Getting back on track after a damage to the relationship with your child
We all go through cycles, from being strong and happy in our relationship, to needing some damage control. Given our human frailty, we often make mistakes. We can become tired and less able-bodied in giving the right response at the right time. Our children are also human and may react in ways that we find unusual or confusing. This can be driven by fatigue, anxiety, misunderstanding etc. Our human condition reminds us that being in a perfect relationship is not the case all the time.
What we need to develop are some skills that help us recover from the damage and move on quickly. The last thing we want is prolonged silences or continued poor behaviour which can escalate quickly.
Consider:
We cannot always be prepared but keep the value of silence up your sleeve. In other words, when an incident happens and your readiness to respond is not there, try walking away, delaying the conversation.

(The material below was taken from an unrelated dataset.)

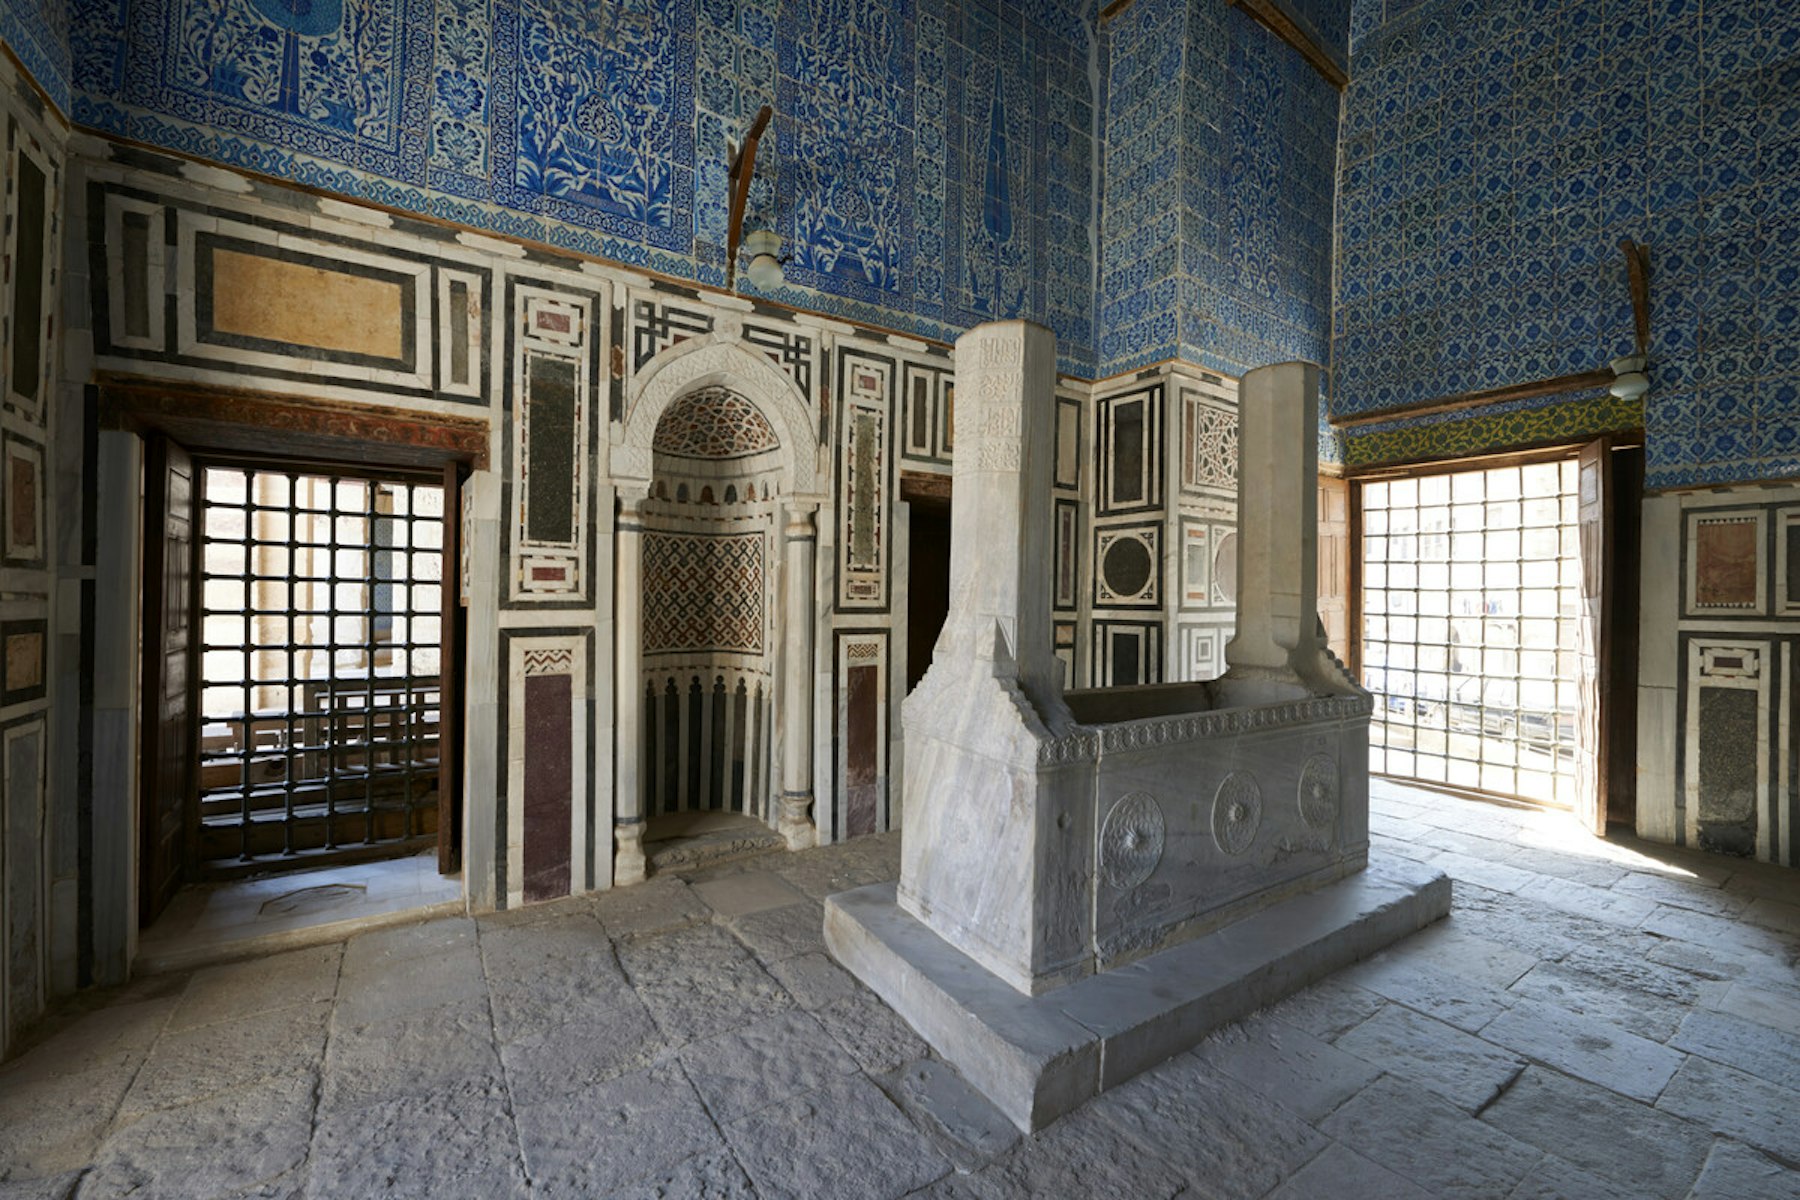 Aqsunqur Mosque (Blue Mosque)

Quick unprepared responses can create more damage. Silence does not add to the problem. Of course, prolonged silences do.
If an incident has occurred have some suitable words ready.

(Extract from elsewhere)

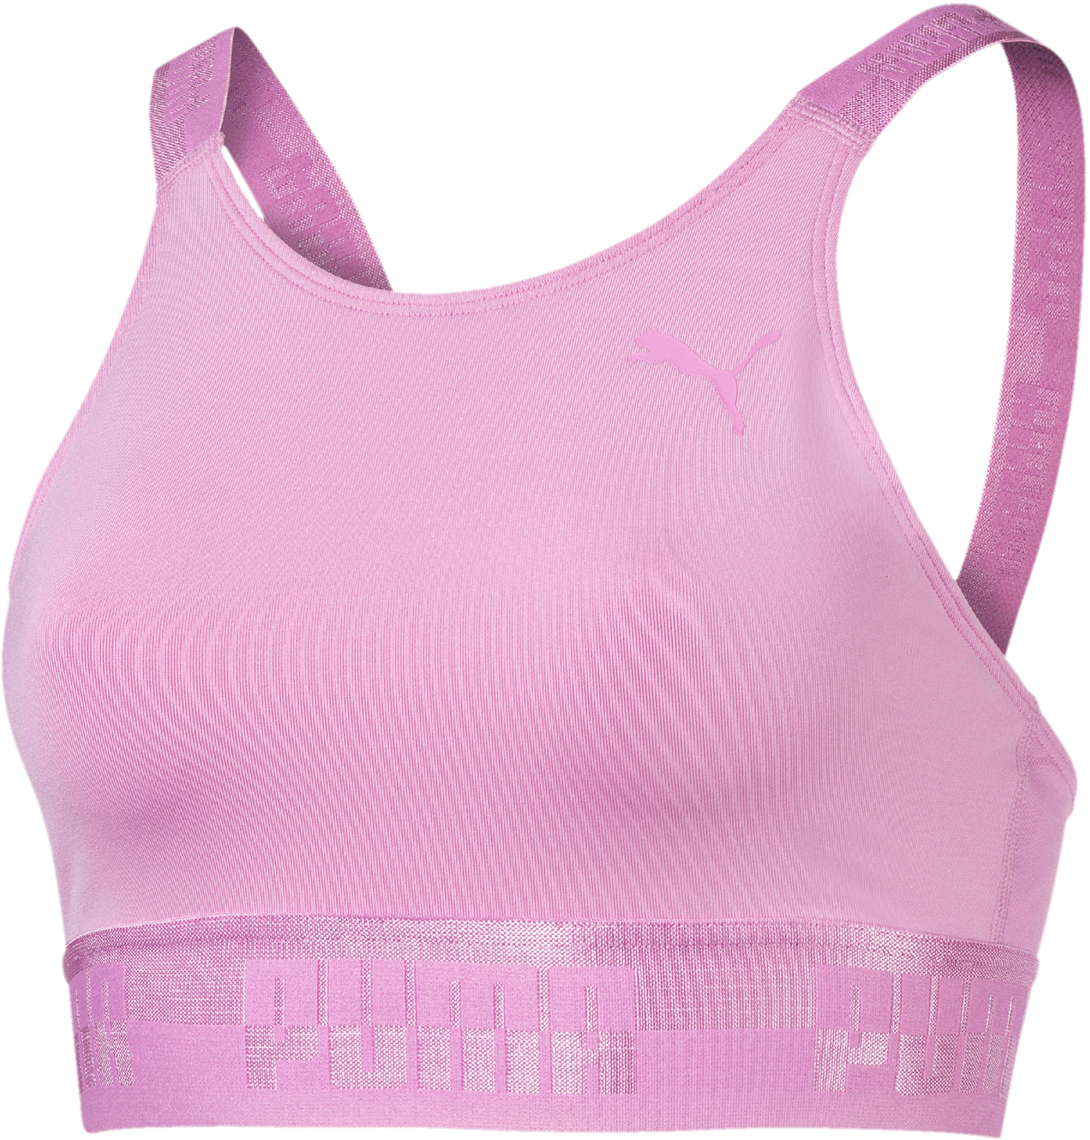 Топ-бра женский Puma Soft Sport Crop Top, цвет: розовый. 85204241. Размер M (44/46)

‘I can see that you are not happy by your behaviours, we need to sit down and talk about it.’
Best to do this than to react to the poor behaviour
When in discussion about the breakdown, be in a calm space. If you are agitated the child will pick up the vibes and be more resistant.
Have the discussion at a time that suits you and in an environment without noise and interruption from other family members. It does not take much to unsettle such situations.
For a very young child, it is more about a tantrum, speak softly and approach it using words that are gentle and do not sound too intimidating.
If after the discussion there are some consequences, try to involve your child in making a decision about how those consequences should be. Make it a negotiation.
Timing is everything. Teachers are very skilled in choosing their time to talk to children when damage has occurred, sometimes the wait makes for a better result.
Remember that when a breakdown occurs, both yourself and your child feel poorly. Never underestimate that even though they appear angry, they are feeling the loss and trust of the relationship which they need.
After there is reparation, keep the mood positive and make sure that you have moved on. Carrying residual anger or disappointment can only further damage the relationship and delay healing.
Finally, keep in mind that no matter how sad or disappointed you feel about the breakdown, you are dealing with a child’s problem. Keep things into perspective so that life goes on, both you and your child are happy and peace in your relationship continues.
‘The wound is not my fault. But the healing is my responsibility.’